Surrogate modeling problems often include variable fidelity data. Most approaches consider the case of two available levels of fidelity, while engineers can have data with more than two samples sorted by fidelity. We consider Gaussian process regression framework that can construct surrogate models with arbitrary number of fidelity levels. While straightforward implementation struggles from numerical instability and numerical problems, our approach adopts Bayesian paradigm and provides direct control of numerical properties of surrogate model construction problems.

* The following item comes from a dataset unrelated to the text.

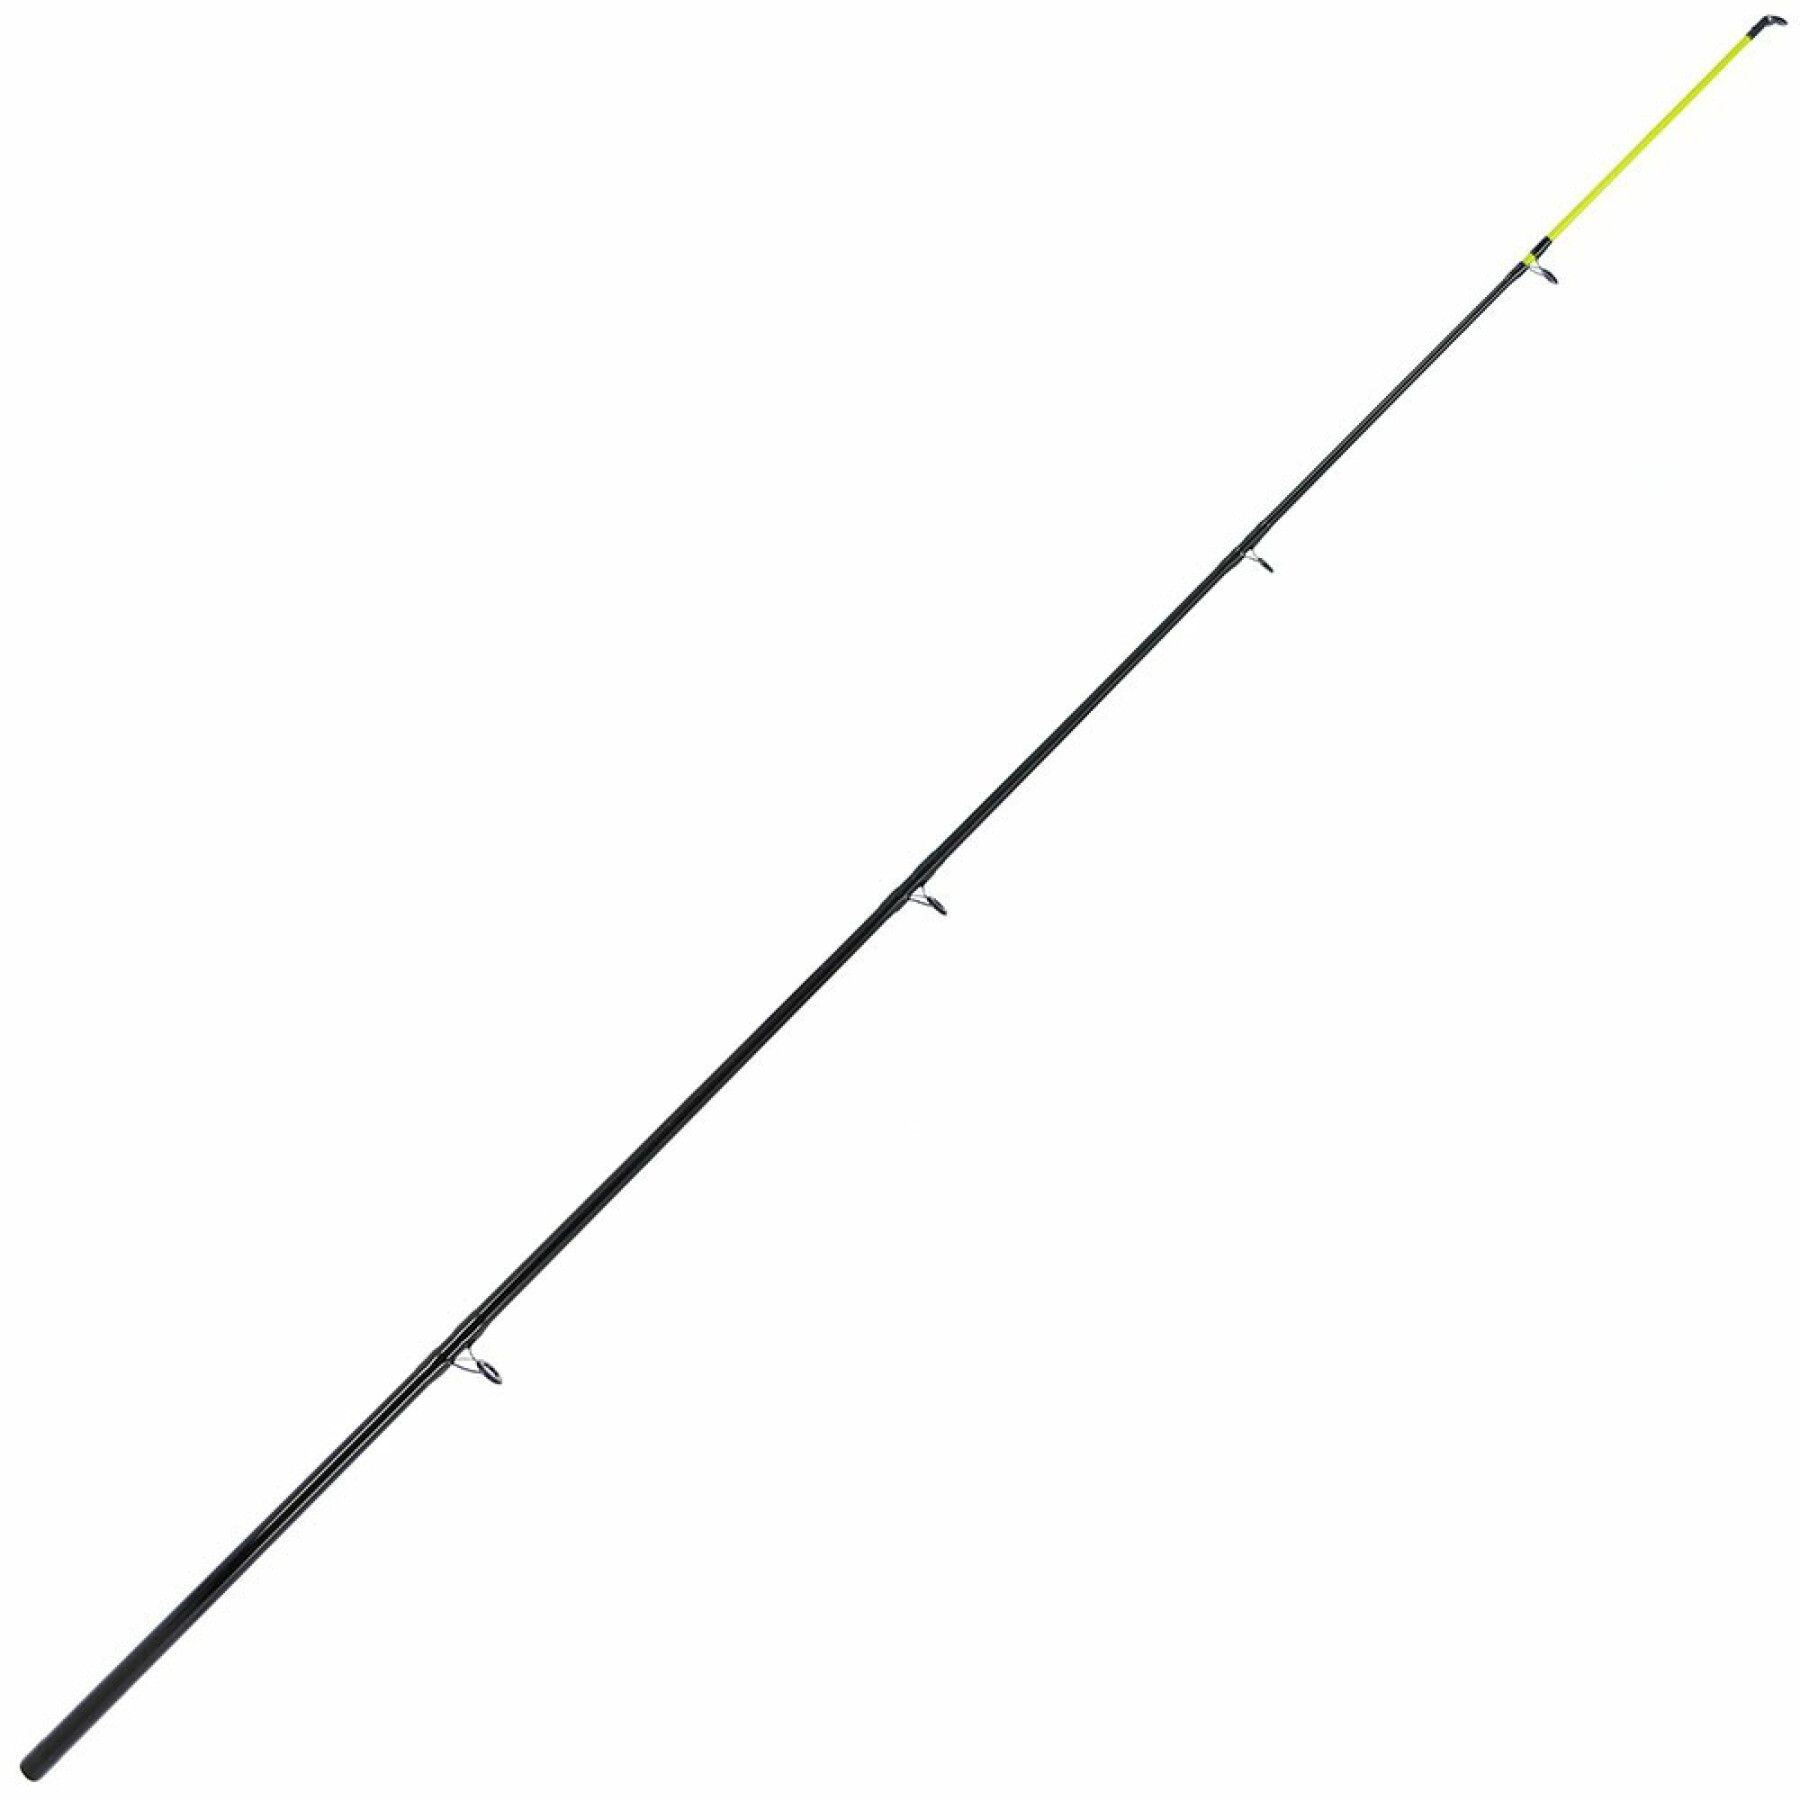 Spazierstock (Glasfaser) Angling Pursuits Beachcaster Max
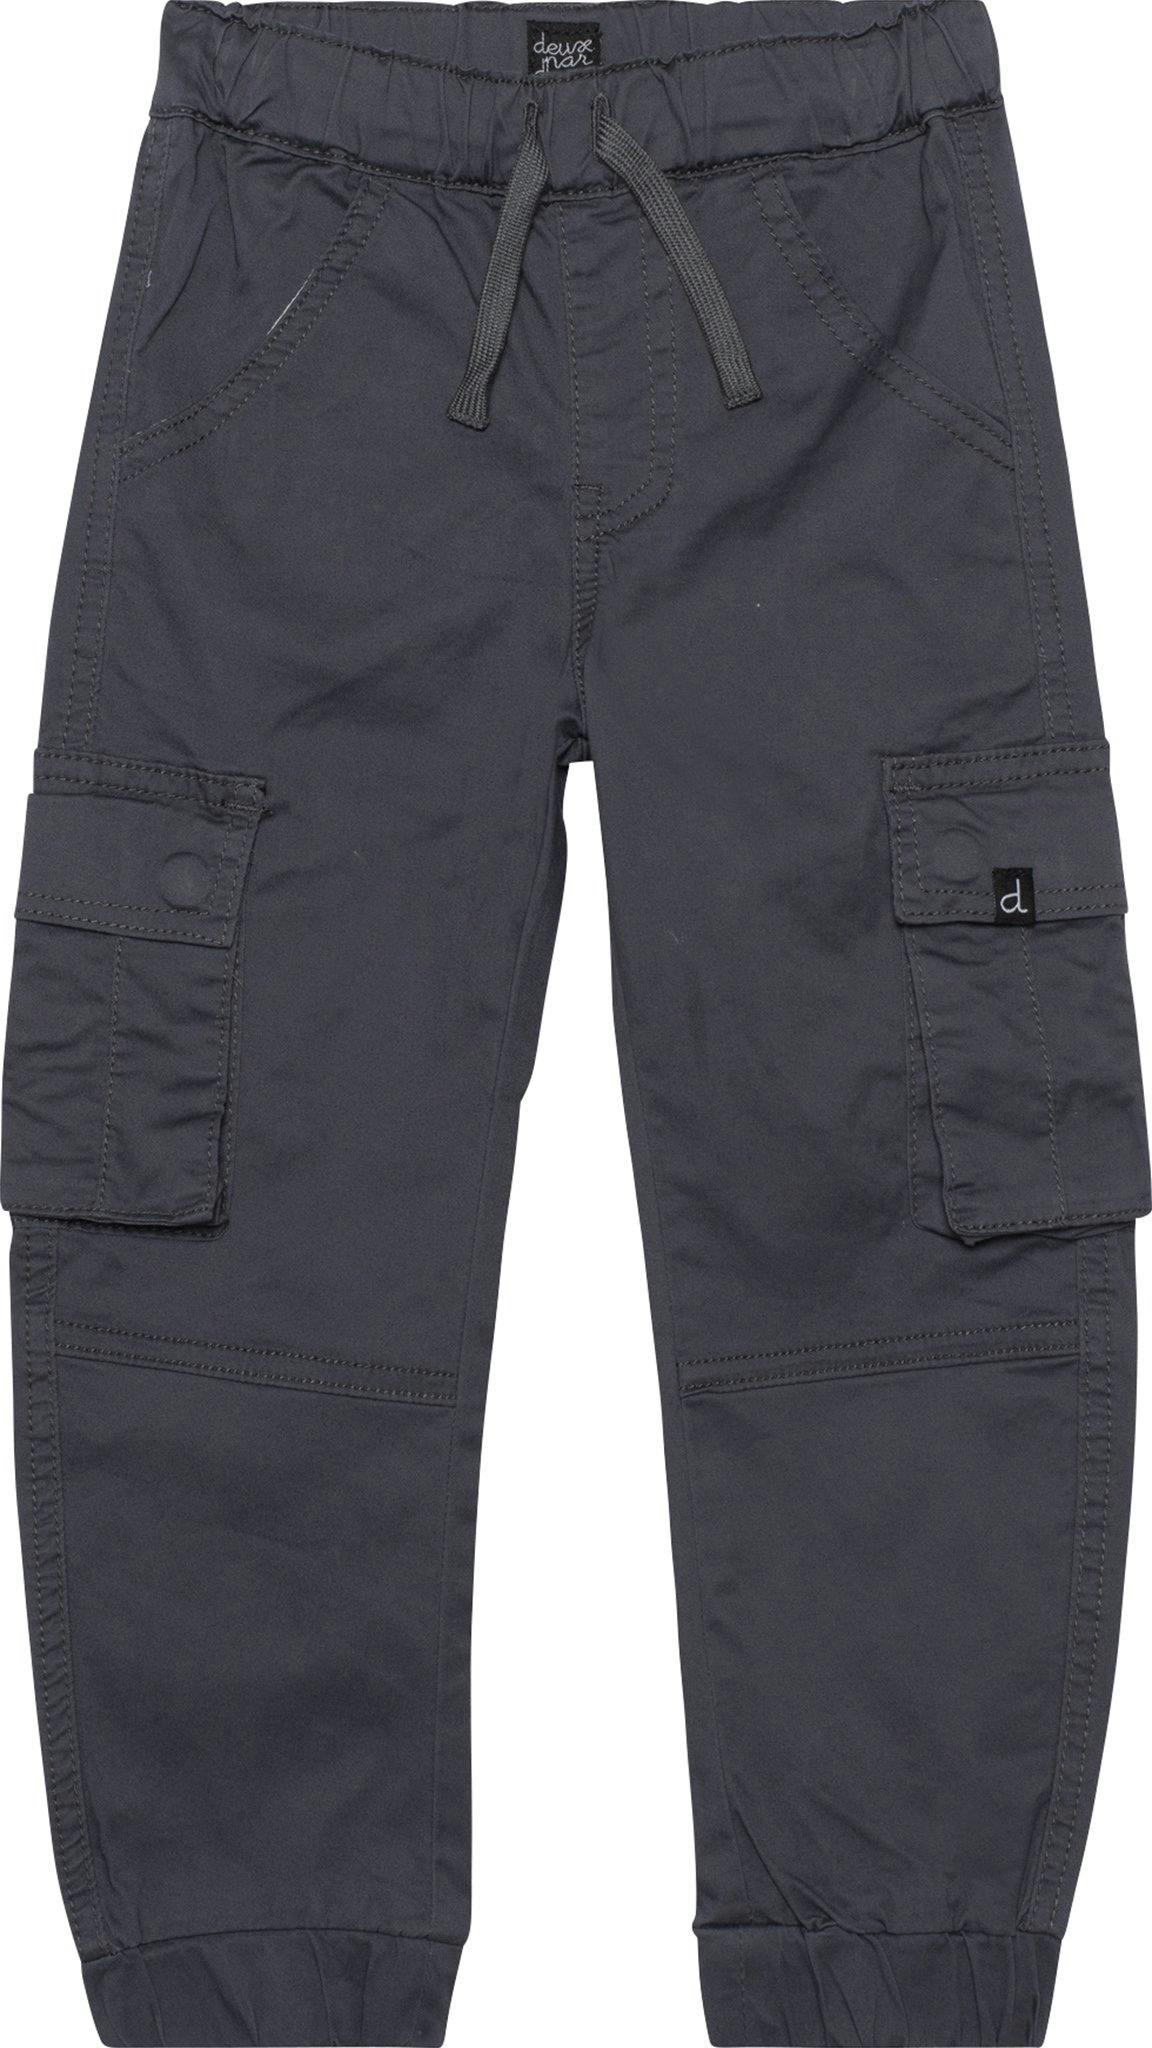 Product image for Twill Cargo Jogger Pants - Big Boys

Benchmark of the presented approach consists of various artificial and real data problems with the focus on surrogate modeling of an airfoil and a C-shape press.

Variable Fidelity Regression Using Low Fidelity Function Blackbox and Sparsification

We consider construction of surrogate models based on variable fidelity samples generated by a high fidelity function an exact representation of some physical phenomenon and by a low fidelity function a coarse approximation of the exact representation. A surrogate model is constructed to replace the computationally expensive high fidelity function. For such tasks Gaussian processes are generally used. However, if the sample size reaches a few thousands points, a direct application of Gaussian process regression becomes impractical due to high computational costs. We propose two approaches to circumvent this difficulty. The first approach uses approximation of sample covariance matrices based on the Nystrom method. The second approach relies on the fact that engineers often can evaluate a low fidelity function on the fly at any point using some blackbox; thus each time calculating prediction of a high fidelity function at some point, we can update the surrogate model with the low fidelity function value at this point. So, we avoid issues related to the inversion of large covariance matrices -- as we can construct model using only a moderate low fidelity sample size. We applied developed methods to a real problem, dealing with an optimization of the shape of a rotating disk.